Medtronic’s margin improvements in fiscal 1Q18 were partly driven by the efficiencies resulting from the effective delivery of the Covidien synergies. However, the sales and marketing expenditures by the company to support its new product launches through the rest of the year negatively impacted the company’s margins in the quarter.

The company’s net other expenses increased in fiscal 1Q18 compared to fiscal 1Q17. This trend was due to the expenses related to the hedging program and the remeasurement of the foreign exchange impact. Going forward, this expenditure is expected to be ~$110 million in each quarter. In fiscal 2Q18, this expenditure is expected to be slightly higher than this estimate.

The weakness in general surgery volumes led to subdued MITG (Minimally Invasive Therapies Group) sales, which also impacted margins in the quarter.
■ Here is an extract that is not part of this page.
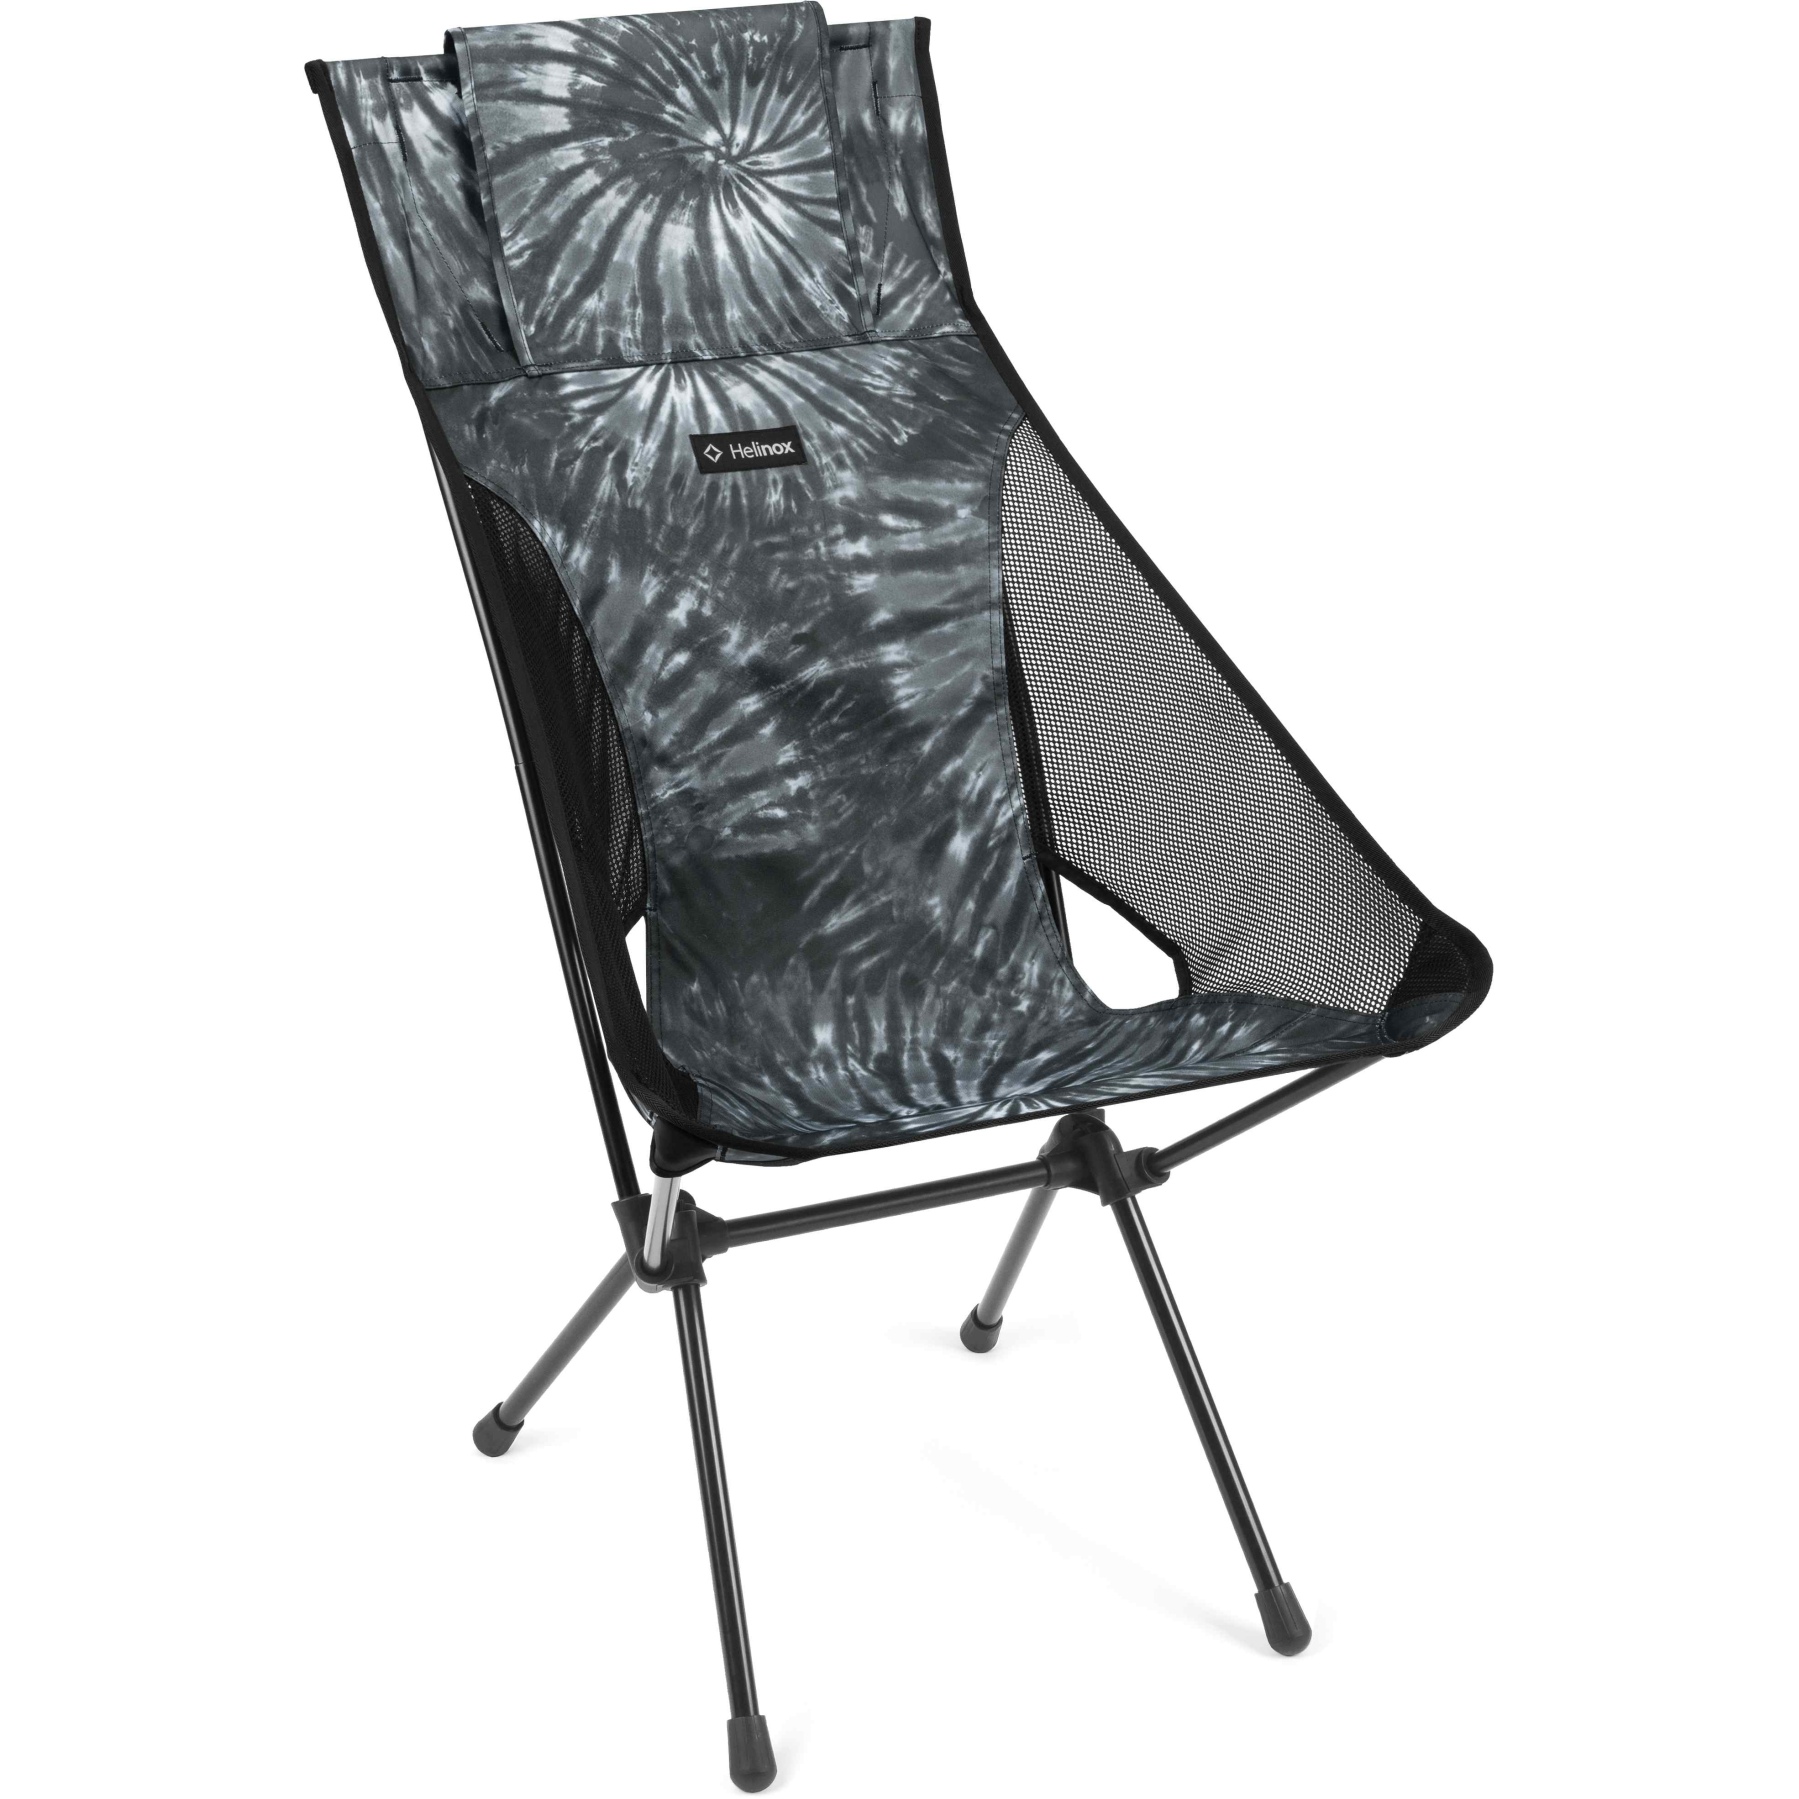 Productfoto van Helinox Sunset Chair - Campingstoel - Black Tie Dye / Zwart

The priority access program affected the revenues and margins of Medtronic in fiscal 1Q18. Only a part of its deferred revenues were recognized as the company exchanged its customers’ 630G systems with the updated 670G systems.

Medtronic expects a stronger margin in fiscal 2H18 driven by lower SG&A (sales, general, and marketing) expenses and eased diabetes supply constraints. The ongoing sensor annuity revenues could have a positive impact on the company’s performance in fiscal 2H18.